Once the Austrians got proof that the assassins were in the pay of the Serbian Secret Service, if they had simply declared war then no country would have minded. The Austrian Emperor Franz Josef said: "Russia will not step in to protect regicides." But Austria wasting weeks publicly posturing and intriguing, so Russia, Germany and France would have to get involved or lose face. The Russian ambassador said to the Austrians-" You are trying to set fire to Europe!" When German Kaiser Wilhelm read the ultimatum he said-" Spirited note, what?"

1919- At the request of his Secretary of War McAdoo President Woodrow Wilson named the recently concluded great war against Germany as the "World War." It wasn’t called World War I until in Nov 1942, when Time magazine labeled the new conflict of 1939-45 World War II. Franklin Roosevelt thought it" too depressing, like we were bound to have more."

1920- Kenya declared a crown colony of the British Empire.

1927 – Reacting to a public finally tired of the Tin Lizzy Model T and increased competition, the Ford Motor Co sells the first Model A car.

1932-The Birthday of Fritos. Texas ice cream maker Elmer Doolin buys a recipe for corn chips from a Mexican fry cook for $100 dollars and started the Frito-Lay Company.

1936- Aviator Charles Lindbergh and Anne Morrow Lindbergh arrived in Berlin to begin a state visit of Germany as the personal guests of Adolph Hitler. Lindbergh praised the German Luftwaffe as the "greatest air force in the world". Only three Americans ever got the Third Reich’s highest civilian medal- Lindbergh, Henry Ford and the Chairman of the US Chamber of Commerce.

1937 – Scientists at Yale University announced the isolation of the pituitary hormone.

1937-TENNIS DIPLOMACY- The US and Nazi Germany spent much of the late 1930’s testing their competing philosophies on sports playing fields- Democracy vs Aryan Racial Purity. First Jesse Owens at the Olympics, then prizefighters Joe Louis and Max Schmeling, this day even the semi-finals of the Davis Cup Tennis championship became another Yankees vs Nazis test.
At Wimbledon England, American Don Budge and German Baron Gottfried von Cramm played the game of their lives. Hitler had personally telephoned Von Cramm the night before and ordered him to win. Ironically von Cramm was anti-Nazi. Don Budge won after 6 nail-biting tied sets. Queen Mary was present, and Hitler was glued to his radio. At one point American tennis great Bill Tilden who had been hired to coach the German team signaled that the match was in the bag. This provoked such an angry reaction from the audience that entertainers Jack Benny and Ed Sullivan tried to climb the fence to kick Tilden’s ass. But Budge came from behind to win. Von Cramm took defeat like a gentleman but Hitler didn’t. Shortly upon his return to the fatherland, the Gestapo arrested him for homosexual activity.

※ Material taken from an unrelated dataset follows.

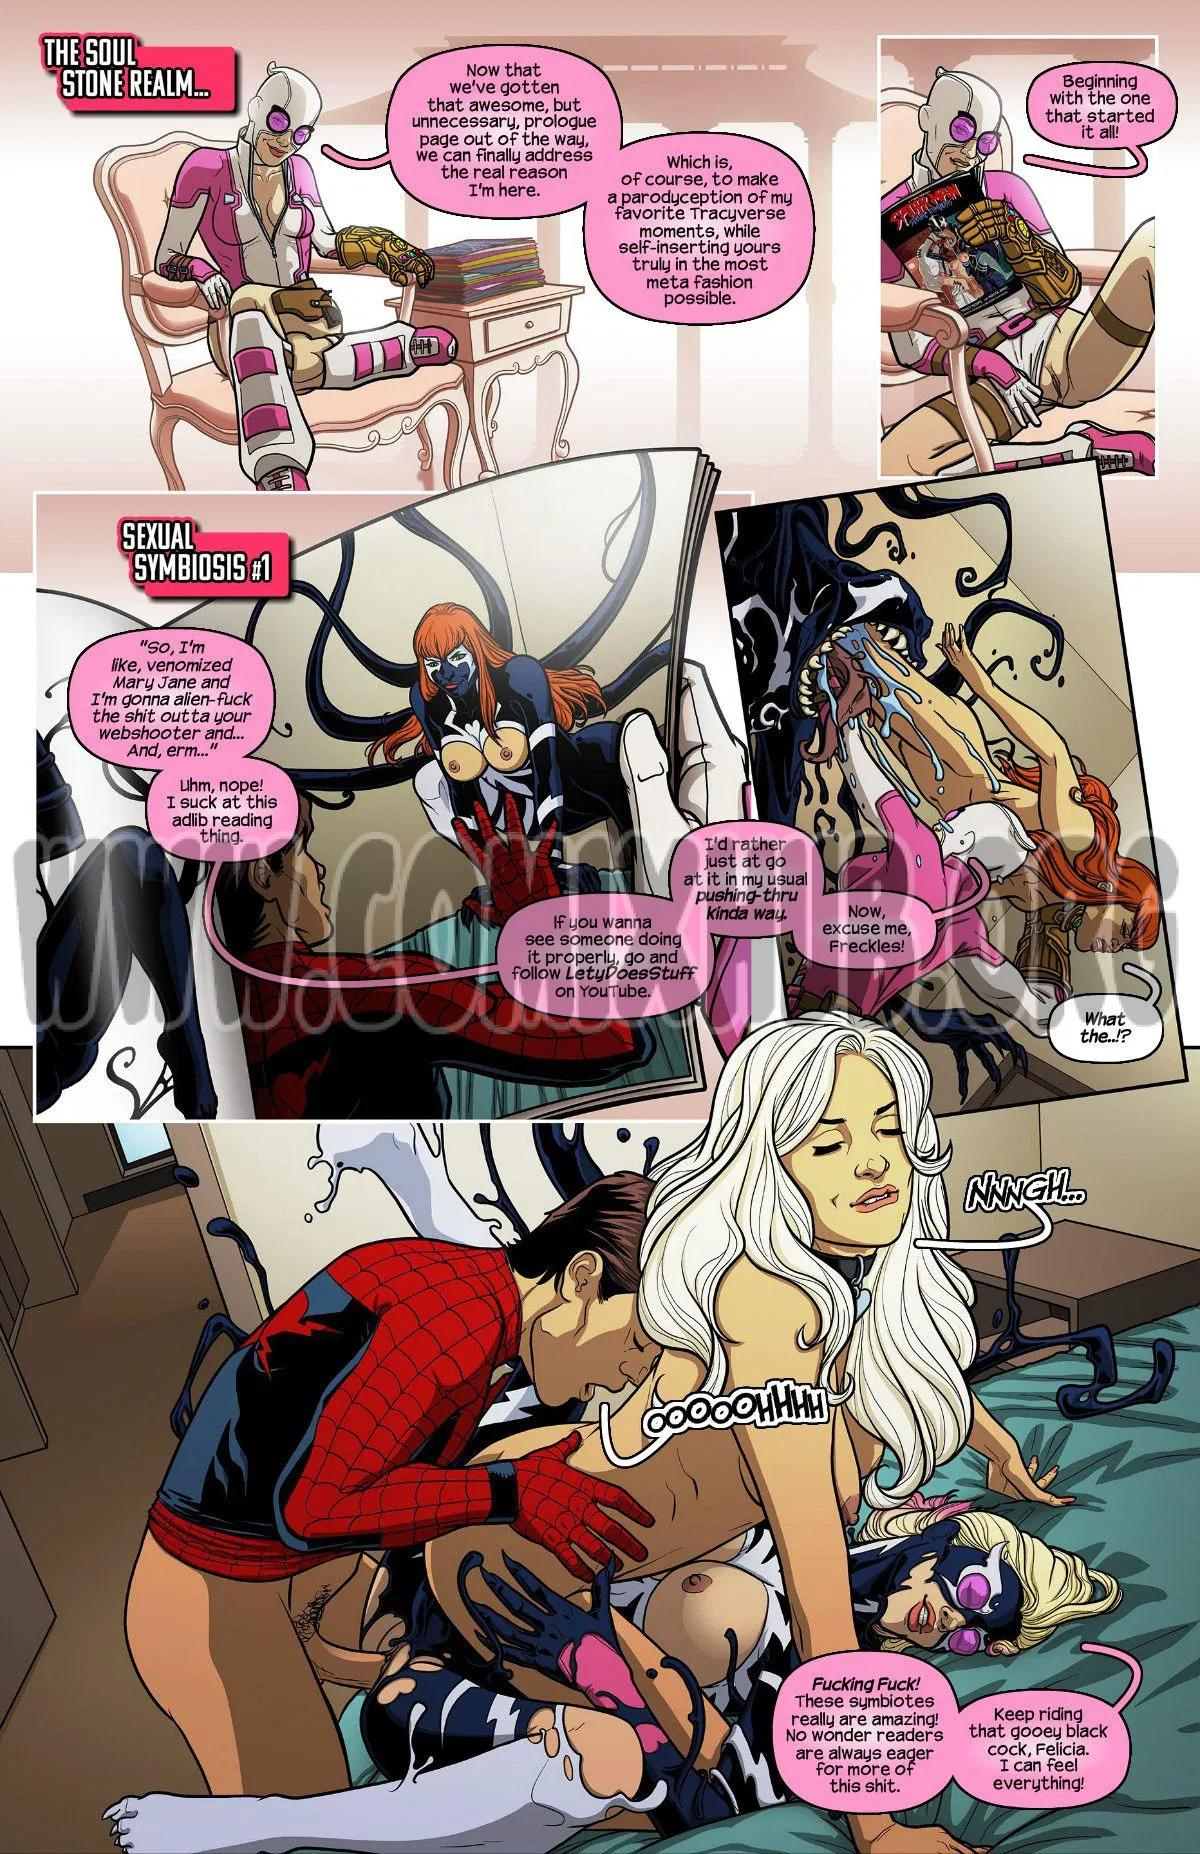 Gwenpool 100 porn comics Oral sex, Anal Sex, Blowjob, cunnilingus, Double Penetration, fingering, Gangbang, Masturbation, Straight, Threesome, X-Ray

1942- Fuehrer directive #45. Adolf Hitler ordered General Von Paulus in Russia to turn his Sixth Army from his drive on the oil fields of Baku and take the city of Stalingrad.

1944- To counter charges that concentration camps are bad places, the Nazis invited the International Red Cross and neutral journalists to tour a model camp called Theresinstadt. The camp was a dummy with little white picket fences and flower pots in the barracks windows. The ICRC found conditions "moderately comfortable". After the Red Cross left the inmates were all shipped off to Auschwitz.

1952- Egyptian King Farouk abdicated to a group of army officers led by General Mohammed Naikeeb and Col. Gamal Abdel Nasser. Another officer in the coup was Col. Anwar El Sadat. Britain had ruled Egypt since 1880 and after withdrawing in 1936 they continued to control Egyptian politics through the Albanian-born ruler King Farouk. It was the first time Egypt was ruled by Egyptians in 2,250 years. Gamal Nasser would make Egypt a leader in the Third World non-aligned movement, fought wars against Israel and nationalized the Suez Canal. Nassar later said: "Whenever I asked someone 'What should I do first to build the new Egypt ?" they would only advise me who I should kill!"

1966- The comedy song "They're Coming to Take Me Away, Ha, Ha!" released. The singer was Napoleon XIV.

1967- The city of Detroit exploded into race riots after white police raided a house party at 12th & Claremont for returned black Vietnam veterans. Forty-three died and it took 20,000 soldiers to restore order. It was the worst rioting in the city's history in a summer of race riots in other major American cities like Newark and Washington D.C.

1968- Fred Blasie won an unprecedented fifth World Wrestling Championship belt. Blasie later gained more fame for recording the comedy song "Pencil Necked Geeks" and beating up comedian Andy Kaufman in the ring for calling wrestling a hoax.

1974- The junta of military officers ruling Greece since the time of George Papadopoulos collapsed. Greece held free elections.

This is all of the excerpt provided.